Chávez esticou tanto a corda da democracia que acabou enfrentando uma tentativa frustrada de golpe, em 2002. A partir daí, aconselhado por Cuba, colocou em marcha seu plano de assumir o controle definitivo do Judiciário.
Antes de qualquer coisa, precisava convencer o povo venezuelano de que o sistema judicial era uma ameaça ao país. Essa ideia permeava todo o discurso de Chávez e de seu entorno mais fiel e era repetida à exaustão nas transmissões semanais que ele fazia na TV (muito parecidas com as lives de quinta-feira de Bolsonaro).
Em uma entrevista concedida em agosto de 2002, por exemplo, Chávez disse que a suprema corte de seu país atropelava a justiça e representava uma "imoralidade sem precedentes na história do mundo". Também afirmou que escutara rumores de que os juízes da corte ficavam "se embebedando nos bares de Caracas" e que vendiam sentenças. E arrematou: "Não vamos permitir que a Constituição seja atropelada.

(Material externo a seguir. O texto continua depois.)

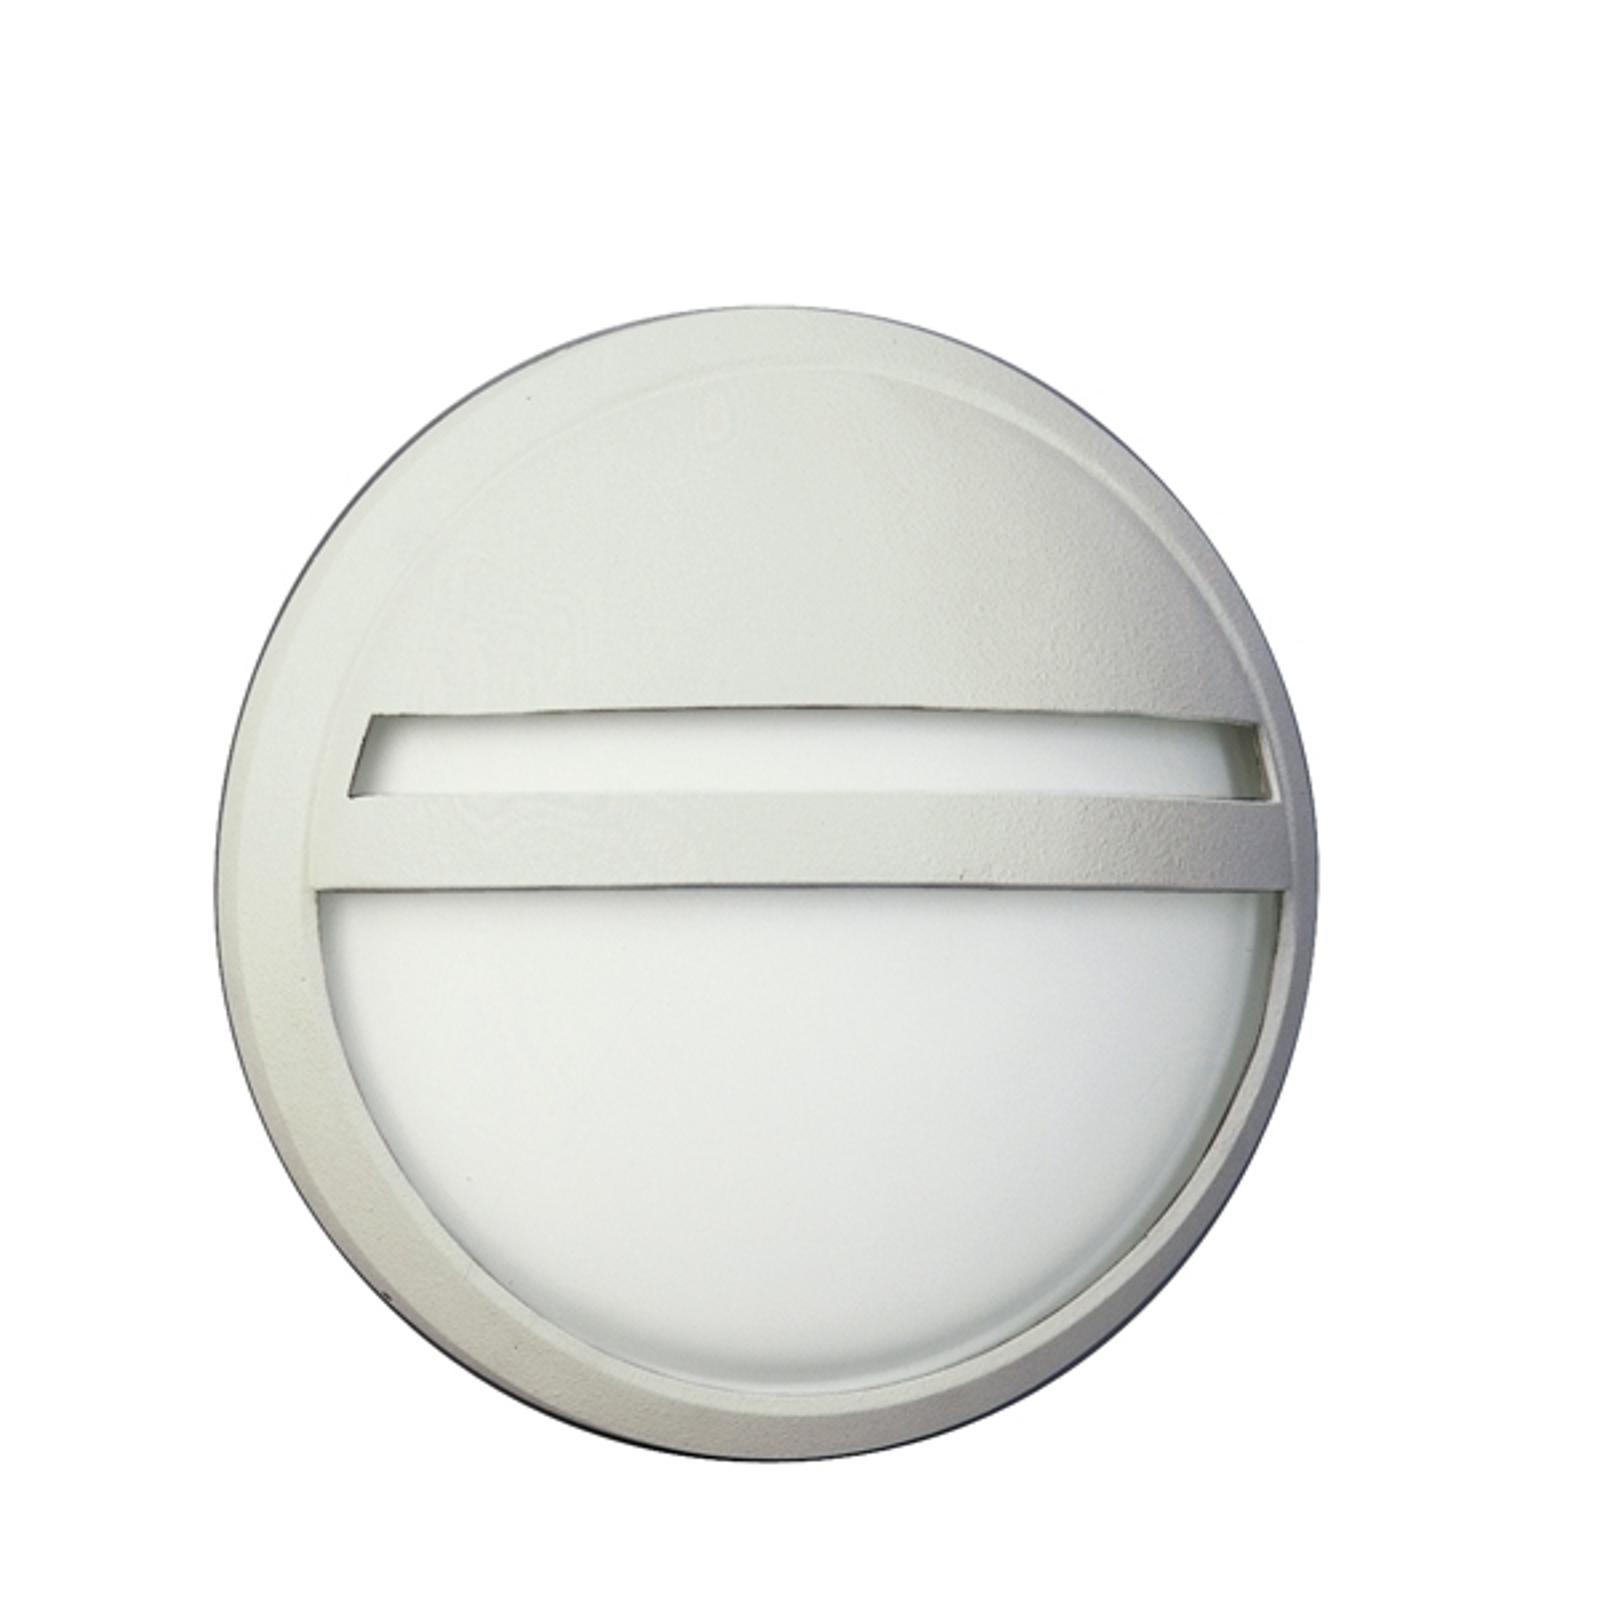 Zewnętrzna lampa sufitowa - ścienna 305 W E27

Que não acreditem, eles e seus chefes, aqueles que lhes pagam, que vamos ficar de braços cruzados."
A retórica de que a verdadeira ameaça à democracia residia na corte suprema era necessária para dar credibilidade e justificativa às medidas práticas para acabar de vez com a independência do Judiciário.

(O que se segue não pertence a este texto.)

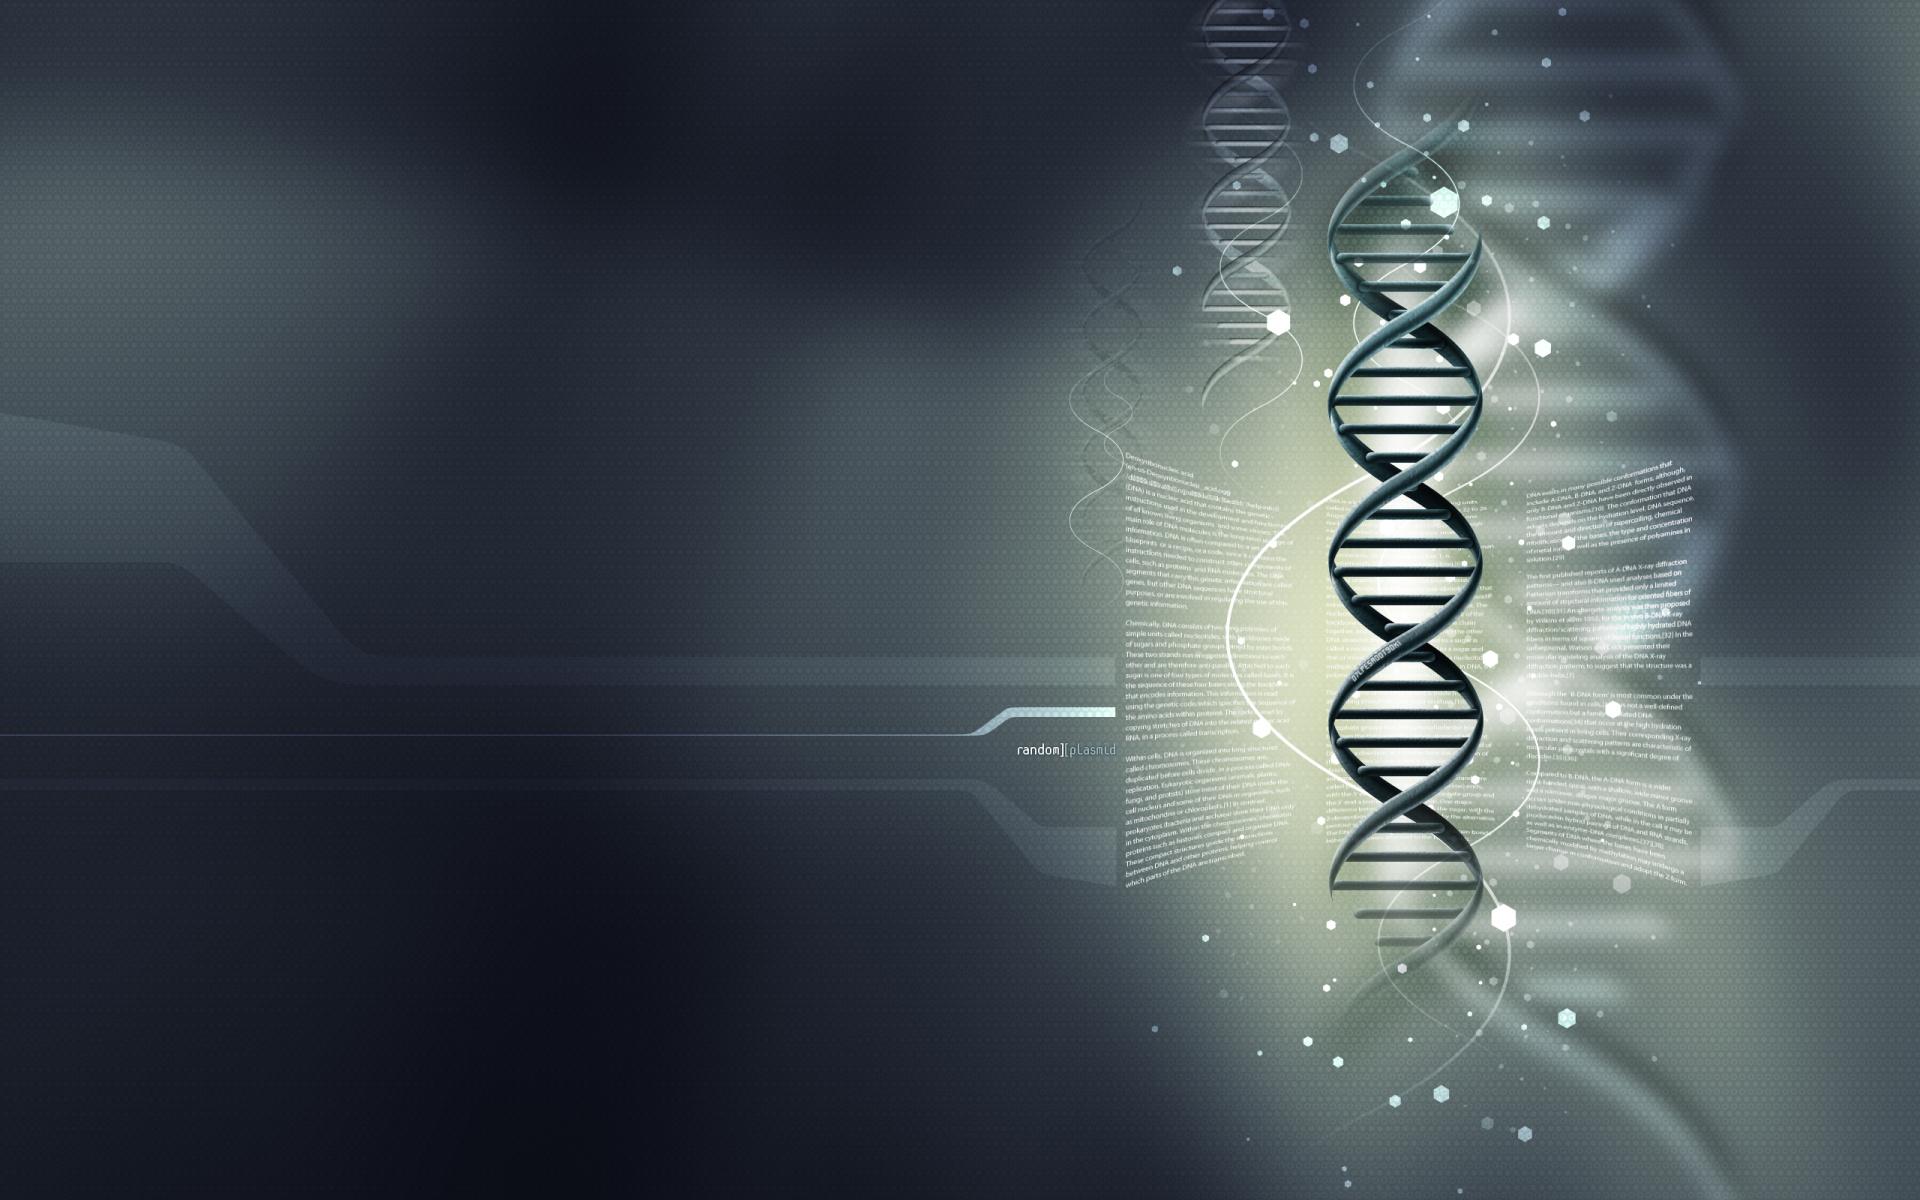 ADN-1920x1200-hd-wallpapers.co.jpg

Isso só aconteceu, de fato, em 2004. Ou seja, Chávez passou cinco anos construindo uma narrativa contrária à corte suprema, antes de dar o seu golpe. Naquele ano, valendo-se de uma maioria simples no Legislativo, Chávez conseguiu aprovar uma lei aumentando de 20 para 32 o total de magistrados na corte.
Dessa forma, de uma só vez, Chávez indicou doze novos juízes supremos, fazendo a balança da Justiça pender totalmente para o seu lado a partir de então. Daquele momento em diante, Chávez passou a merecer o aposto de ditador.

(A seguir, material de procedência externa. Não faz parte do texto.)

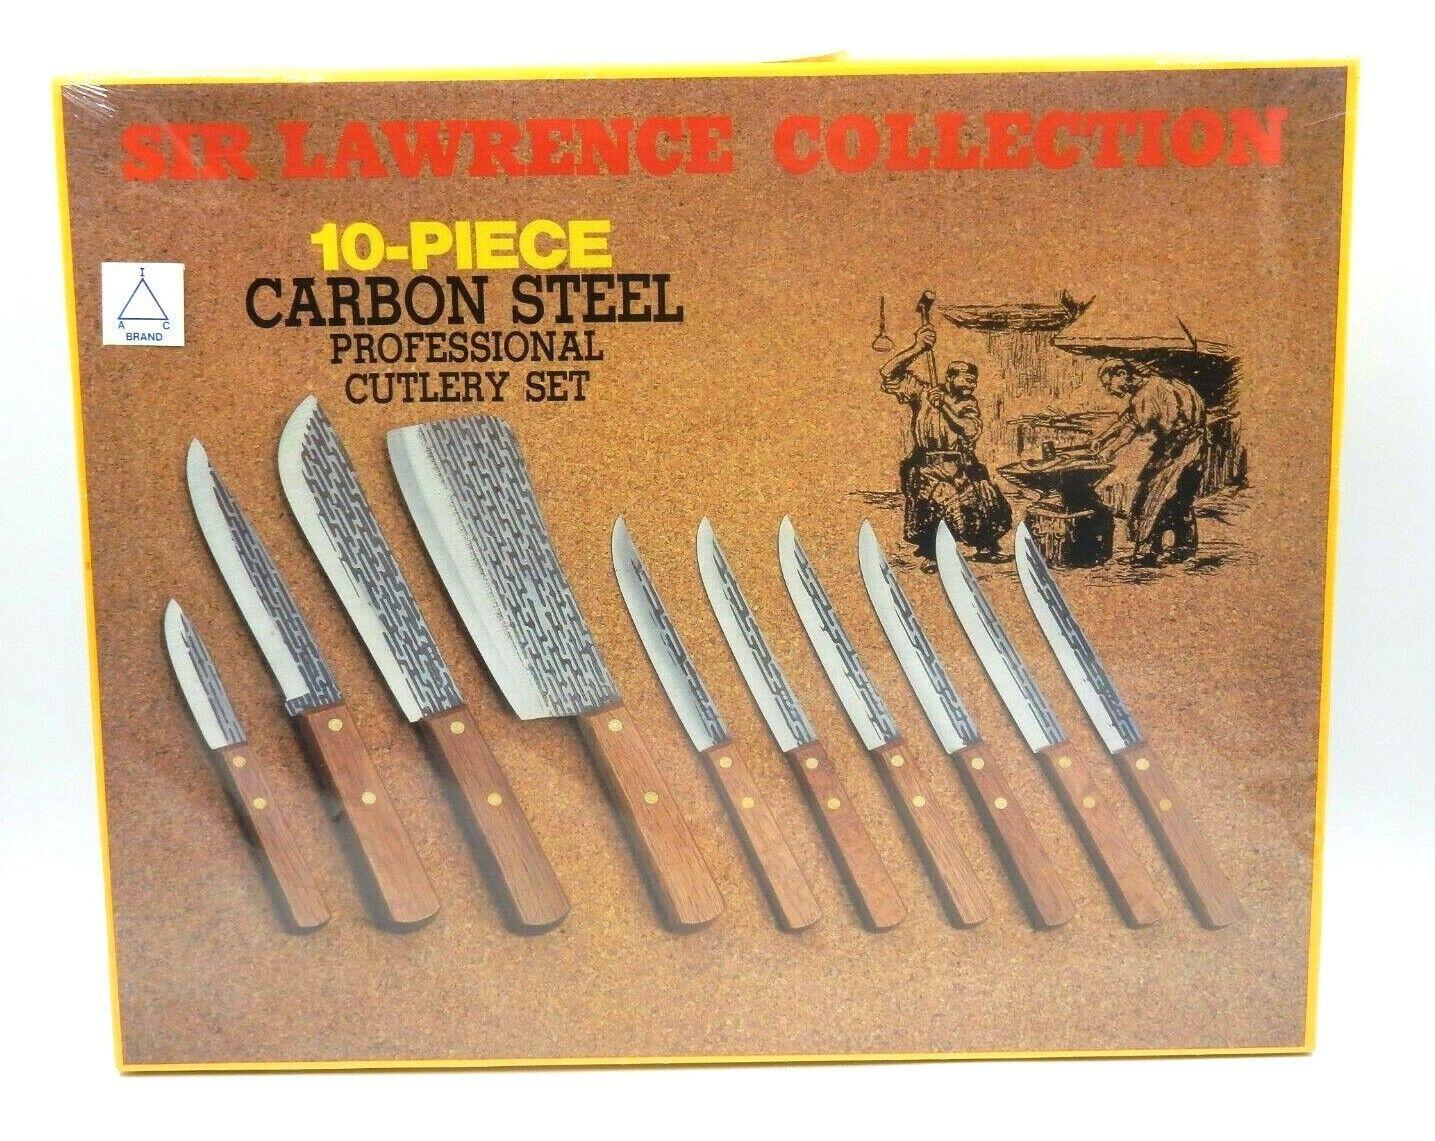 Nouveau-SIR LAWRENCE COLLECTION 10 pièces en acier au carbone Professionnel Set de couverts

Foi por meio do controle da suprema corte que o chavismo usou a democracia para destruir a democracia, cujo desmonte continuou, paulatinamente, nos anos seguintes.
A lição mais importante da Venezuela é que planos autoritários se travestem de defesa da legalidade e da "verdadeira" Justiça. E que, para construir essa narrativa, utiliza-se de uma estratégia de longo prazo de confronto permanente com as instituições.
Os agentes desse plano procuram esticar ao máximo a corda, ultrapassando os limites do aceitável em uma democracia, só para forçar quem está na outra ponta (no caso, a suprema corte) a tomar medidas drásticas para evitar seu rompimento. E assim cria-se a justificativa para virar o jogo, acabando com a independência dos poderes.
O bolsonarismo segue o roteiro à risca.